** Required action **
Reproduce the listing below exactly, beginning with its first line and ending with the line that holds "Na terenach, gdzie"; pictures are not part of the copy.

[Given material — start]

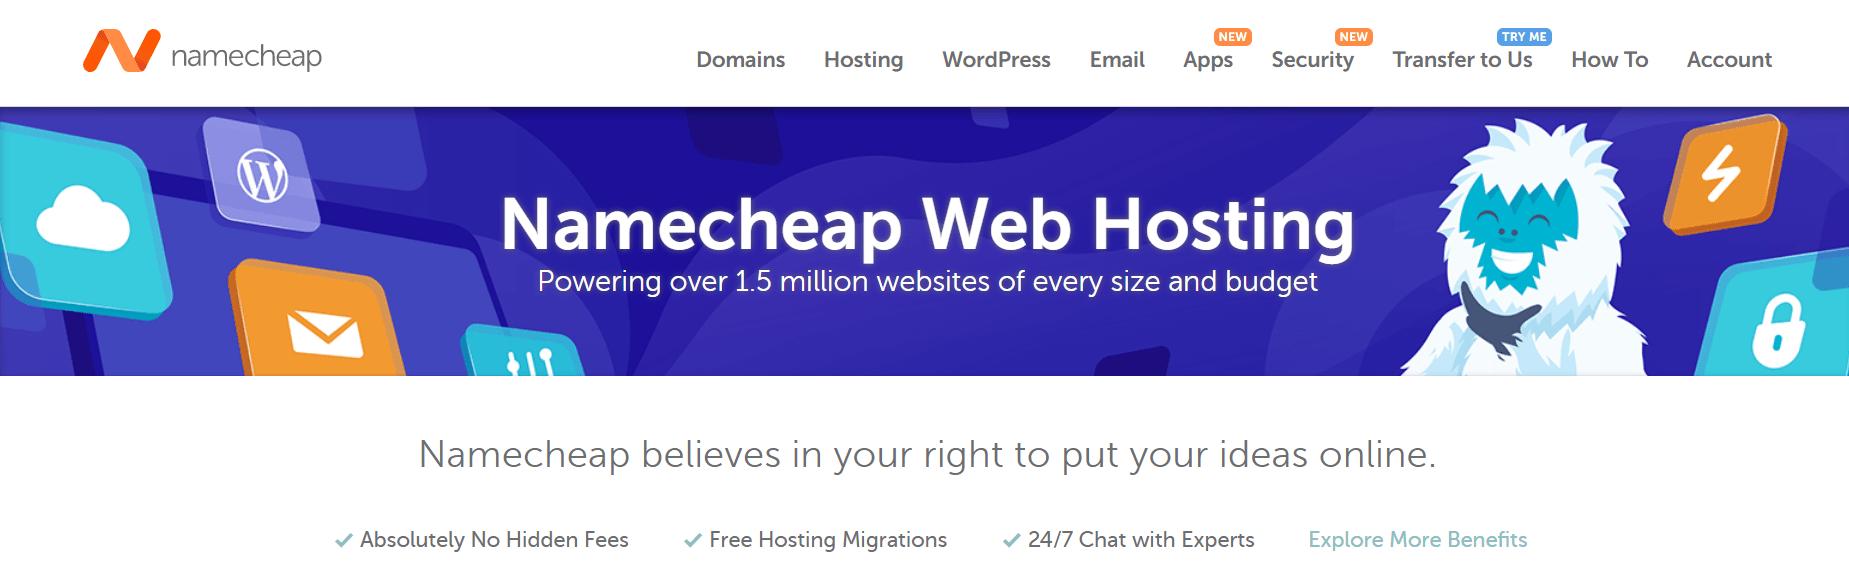 域名与Web托管：Namecheap同时提供
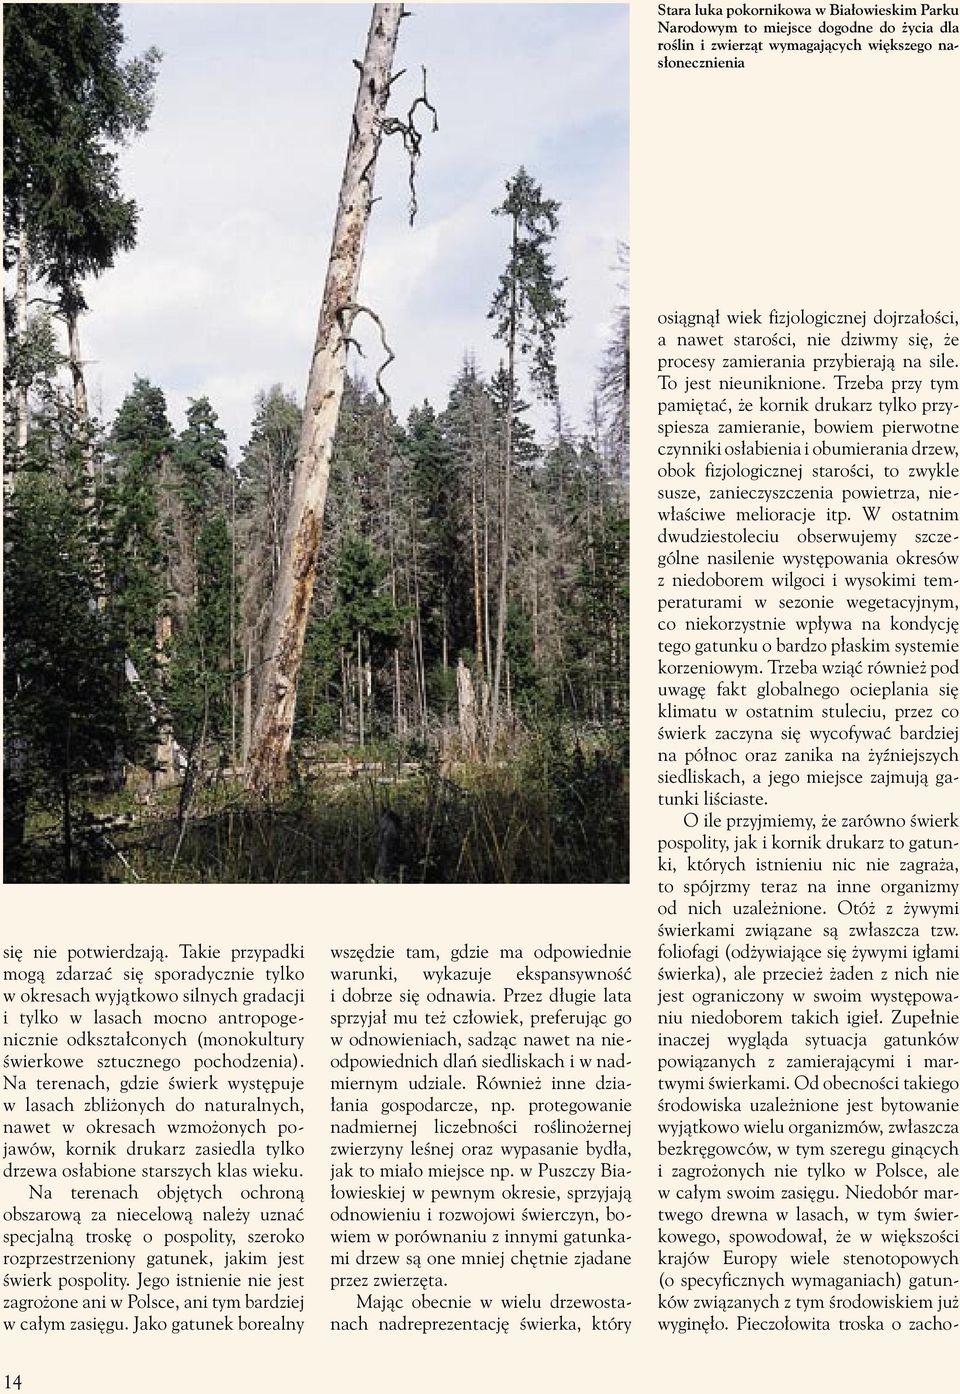 Na terenach, gdzie świerk występuje w lasach zbliżonych do naturalnych, nawet w okresach wzmożonych pojawów, kornik drukarz zasiedla tylko drzewa osłabione starszych klas wieku.
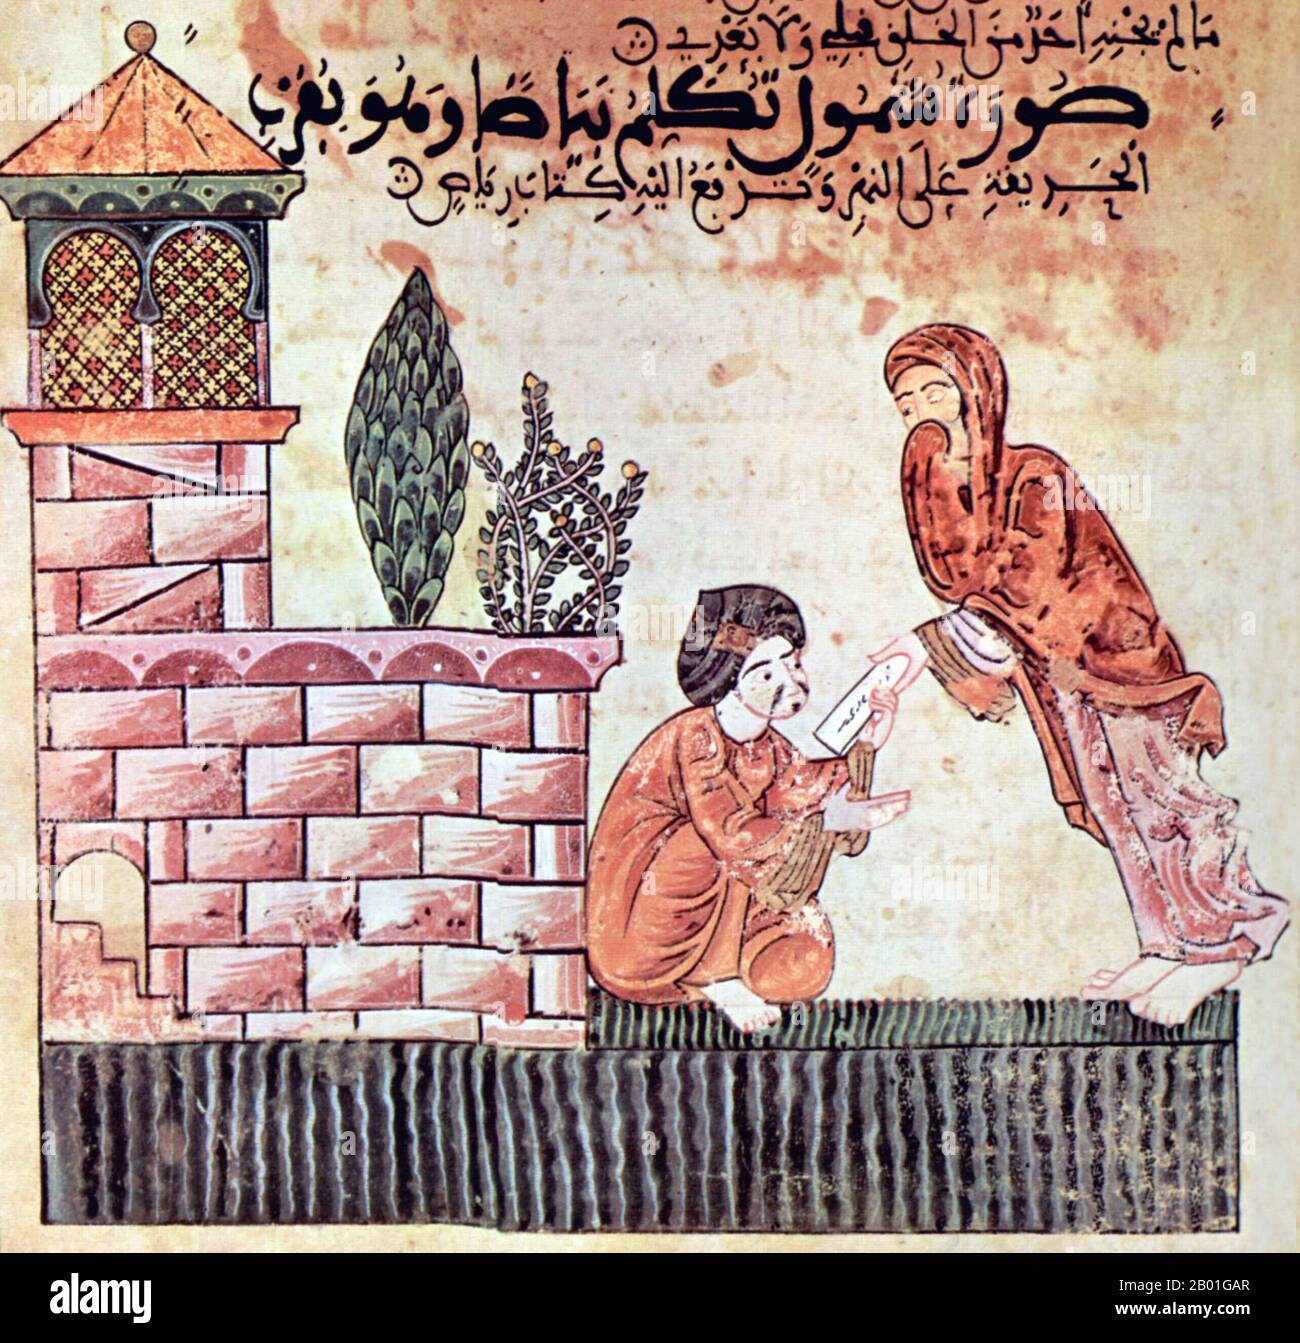 Spanien: Eine Illustration aus der Geschichte von Bayad und Riyad, Al-Andalus (Islamisches Andalusien), Ende des 12. Jahrhunderts. Hadith Bayāḍ wa Riyāḍ (die Geschichte von Bayad und Riyad) oder Qissat Bayad wa Riyad ist eine arabische Liebesgeschichte aus dem 13. Jahrhundert. Die Hauptfiguren der Geschichte sind Bayad, ein Handelssohn und ein Ausländer aus Damaskus, und Riyad, ein gut ausgebildetes Mädchen am Hof eines unbenannten Hajib (Wesir/Minister) des Irak und einer „Lady“ (al-sayyida). Das Hadith Bayad wa Riyad soll das einzige illustrierte Manuskript sein, das bekanntermaßen von mehr als acht Jahrhunderten muslimischer Präsenz in Spanien überlebt hat. Stockfoto

[Given material — finish]

** Exercise solution **
 域名与Web托管：Namecheap同时提供
 Na terenach, gdzie świerk występuje w lasach zbliżonych do naturalnych, nawet w okresach wzmożonych pojawów, kornik drukarz zasiedla tylko drzewa osłabione starszych klas wieku.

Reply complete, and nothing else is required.